What is “link rot”?

Link rot is real, it is common, and it is pervasive. Link rot is essentially the process by which hyperlinks cease to function, usually because the web page or server they point to has moved or has become permanently unavailable. It has existed since the internet began.

Web pages are ephemeral

Examples of link rot are far and wide. One study found that 70% of links in Harvard Law Review and 50% of links within the United States Supreme Court opinions are no longer viable. [1] If we are to take the internet as a primary resource seriously, then we seriously need to think about undertaking a better way of long-term preservation of link contents.

Link rot is pervasive

There seems to be no top-level domains (TLDs) that are free of link rot. In one study that looked at 720,000 pages on a daily basis, in only 11 weeks, 15% of .net domains had rotted links, 10% of .com, .org domains had rotted links, and 5% of .edu links had rotted. Another study found that within 24 months, 50% of .com domains and 20% of .gov domains were no longer viable. [2]

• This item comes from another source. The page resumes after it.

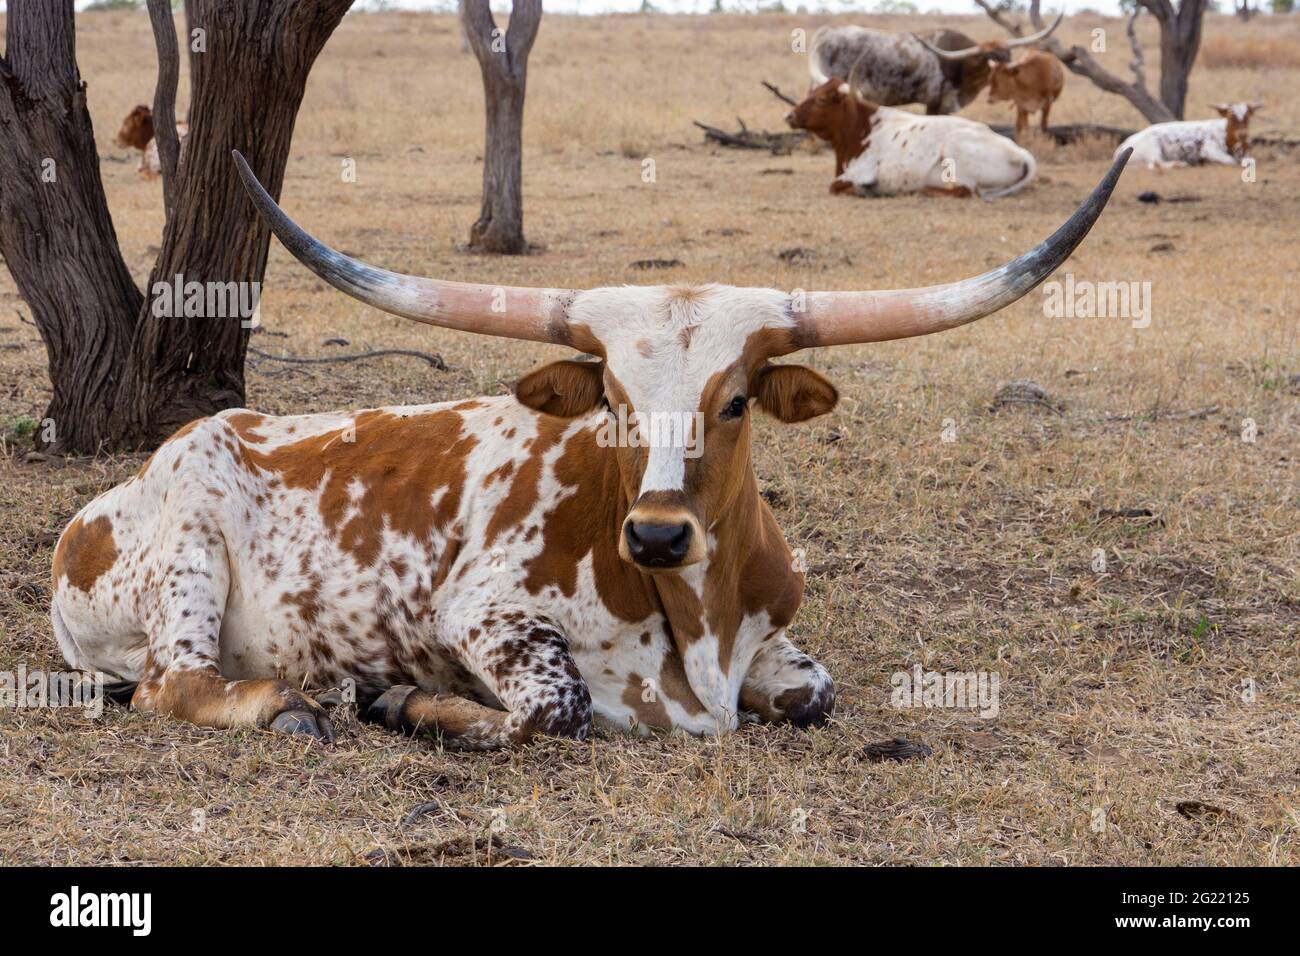 Texas longhorn cattle with enormous horns resting in the shade of trees in a dry paddock. Stock Photo
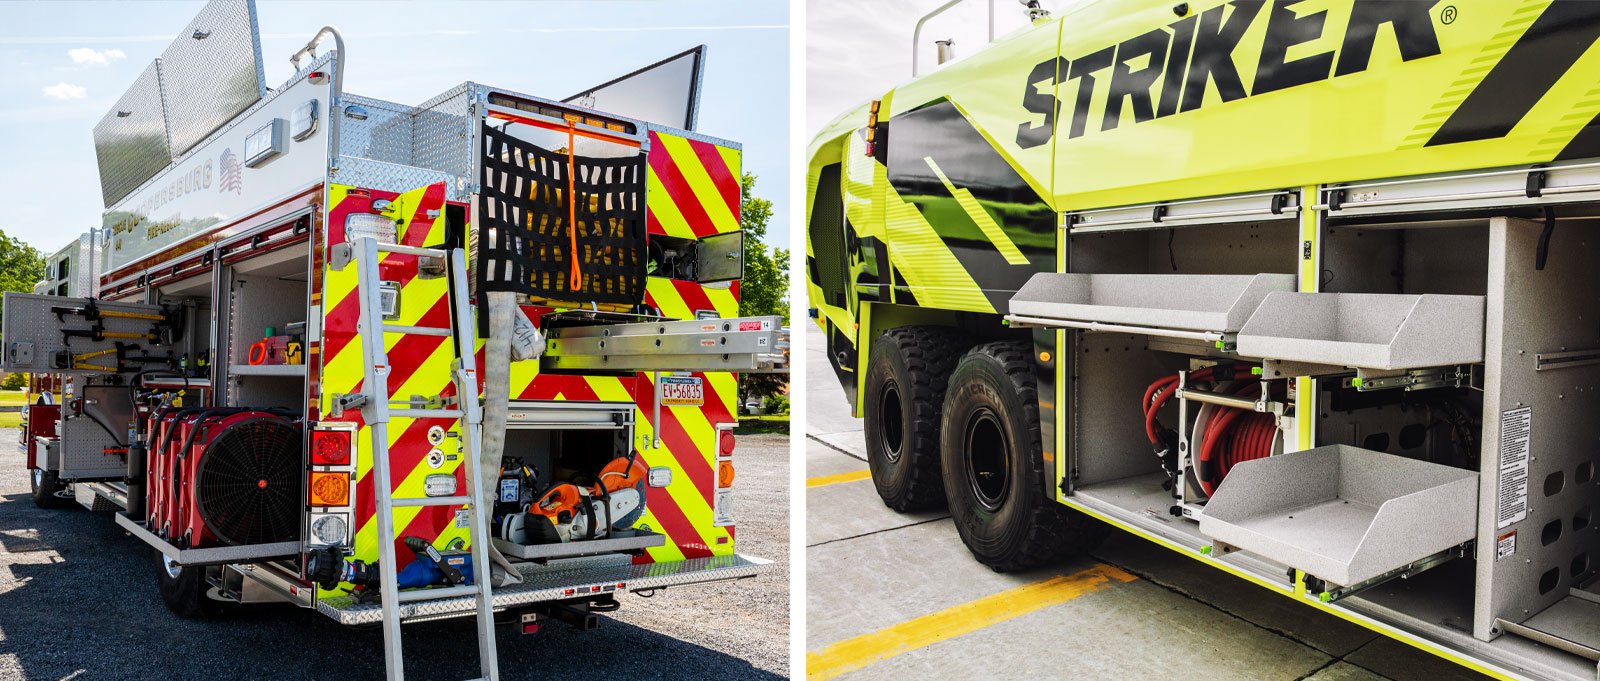 : A side-by-side image of a municipal fire truck and a Striker airport fire truck shows the differences in compartment placement and space.

What is the half-life of a link?

There are a number of sources that have looked into the half-life of a website. Random web pages seem to have a half-life of about 2 years [3], legal citations 1.4 years [4], communication articles 3.2 years [5]. Digital libraries have a much higher persistance, as their half-life is about 24.5 years [6].

Link rot can be combated in several ways.

  1. Use a digital object identifier which provides persistent and actionable identification. The a website under a DOI changes, it can be changed in the DOI service so that the unique DOI identifier always links to the most up-to-date material.
  2. Use a permanent web framework. Our current web protocol has many nodes of failure, while newer hypermedia frameworks seek a more distributed protocol with builtin content identies that would allow data to permanently be available.
  3. Only link to archiving sites like the Internet Archive or perma.cc. My little program I’ve written helps to combat link rot by providing a simple and easy way to convert all your links to an archived link.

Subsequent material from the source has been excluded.